- Created by: Jan van Steenbergen
- Date: 2002
- Setting and usage: A thought experiment in the alternate history, Ill Bethisad, if Latin had replaced Polish's ancestor.
- Purpose: Constructed language Artistic languagesFictional languagesVenedic; ; ;
- Sources: constructed languages a posteriori languages (Romance language with a Polish substrate)

Language codes
- ISO 639-3: None (mis)
- Glottolog: None
- IETF: art-x-wenedyk

= Venedic language =

Naturalistic constructed language

Venedic (Wenedyk, lęgwa wenedka) is a naturalistic constructed language, created by the Dutch translator Jan van Steenbergen (who also co-created the international auxiliary language Interslavic). It is used in the fictional Republic of the Two Crowns, based on the Polish–Lithuanian Commonwealth, in the alternate timeline of Ill Bethisad. Officially, Venedic is a descendant of Vulgar Latin with a strong Slavic admixture, based on the premise that the Roman Empire incorporated the ancestors of the Poles in their territory. Less officially, it tries to show what Polish would have looked like if it had been a Romance instead of a Slavic language. On the Internet, it is well-recognized as an example of the altlang genre, much like Brithenig and Breathanach.

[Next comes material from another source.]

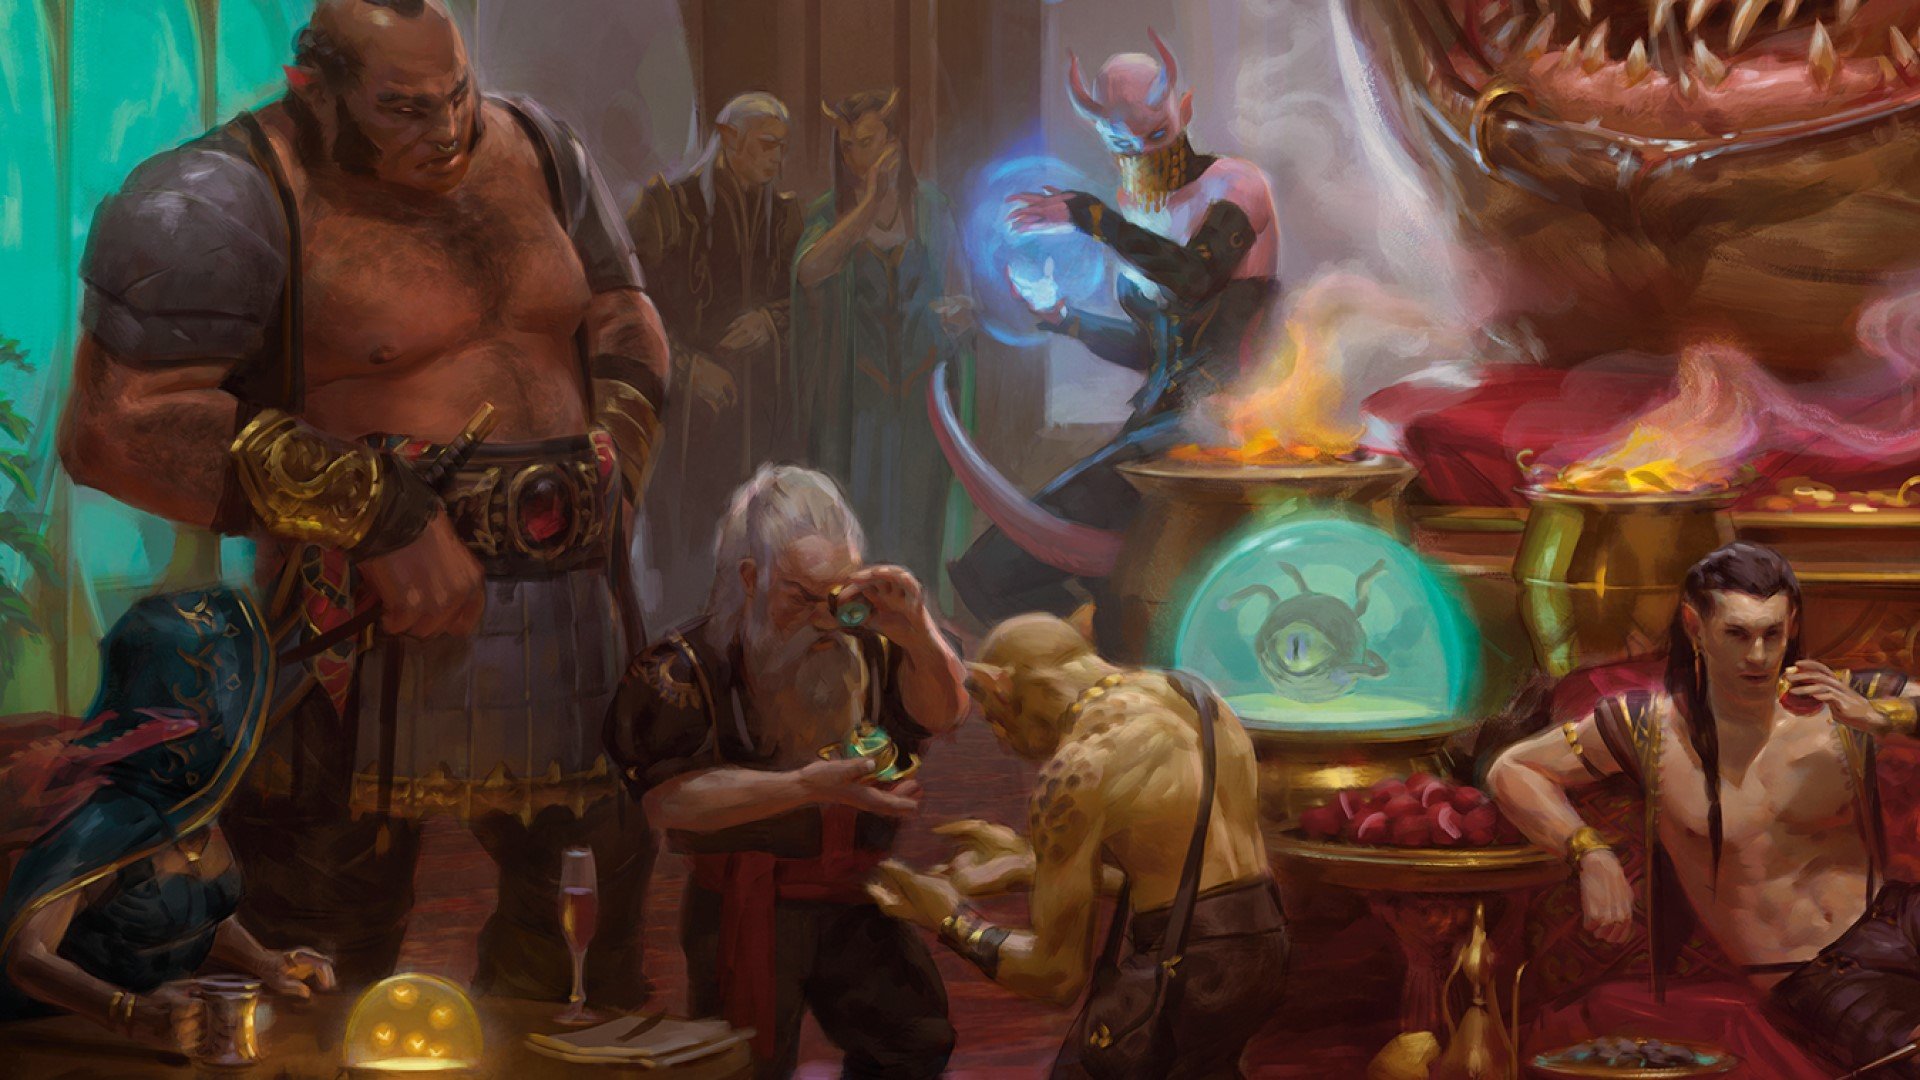 DnD Backgrounds 5E - Wizards of the Coast art of members of Xanathar's Guild

The idea for the language was inspired by such languages as Brithenig and Breathanach, languages that bear a similar relationship to the Celtic languages as Venedic does to Polish. The language itself is based entirely on (Vulgar) Latin and Polish: all phonological, morphological, and syntactic changes that made Polish develop from Common Slavic are applied to Vulgar Latin. As a result, vocabulary and morphology are predominantly Romance in nature, whereas phonology, orthography and syntax are essentially the same as in Polish. Venedic uses the modern standard Polish orthography, including w for //v// and ł for //w//.

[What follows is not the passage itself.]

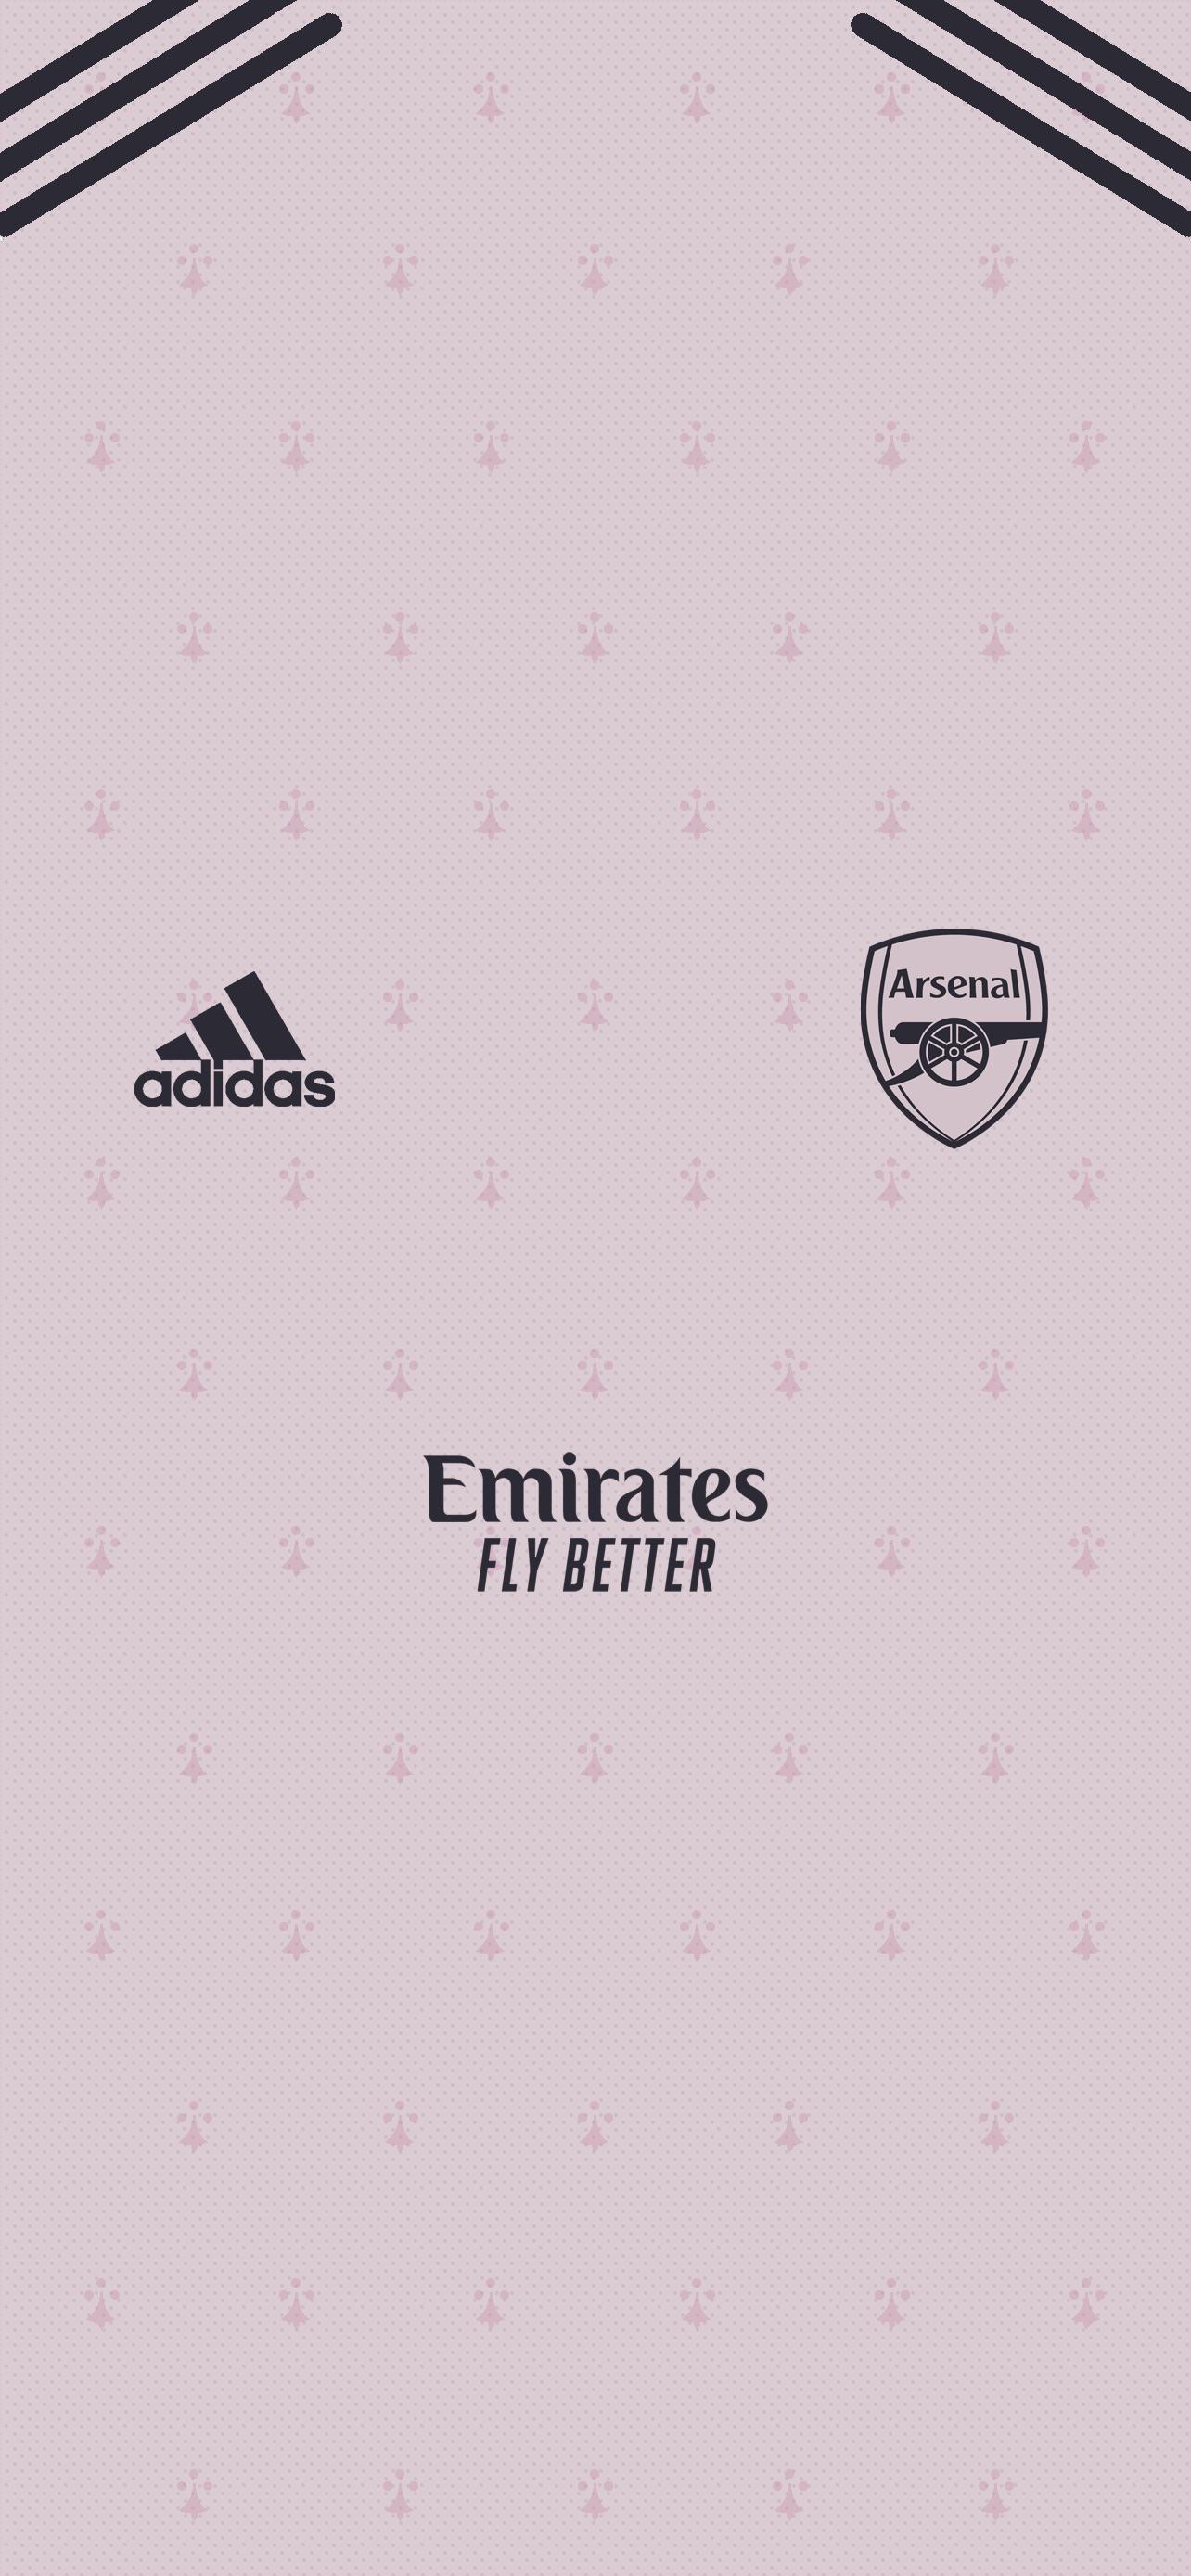 Some Phone Wallpaper I Made Based On Our New 3rd Kit R Gunners

Venedic plays a role in the alternate history of Ill Bethisad, where it is one of the official languages of the Republic of the Two Crowns. In 2005 Venedic underwent a major revision due to a better understanding of Latin and Slavic sound and grammar changes. In the process, the author was assisted by the Polish linguist Grzegorz Jagodziński.

The dictionary on the WWW page linked below contains over 4000 entries.

The language has acquired some media attention in Poland, including several online news articles and an article in the monthly Knowledge and Life.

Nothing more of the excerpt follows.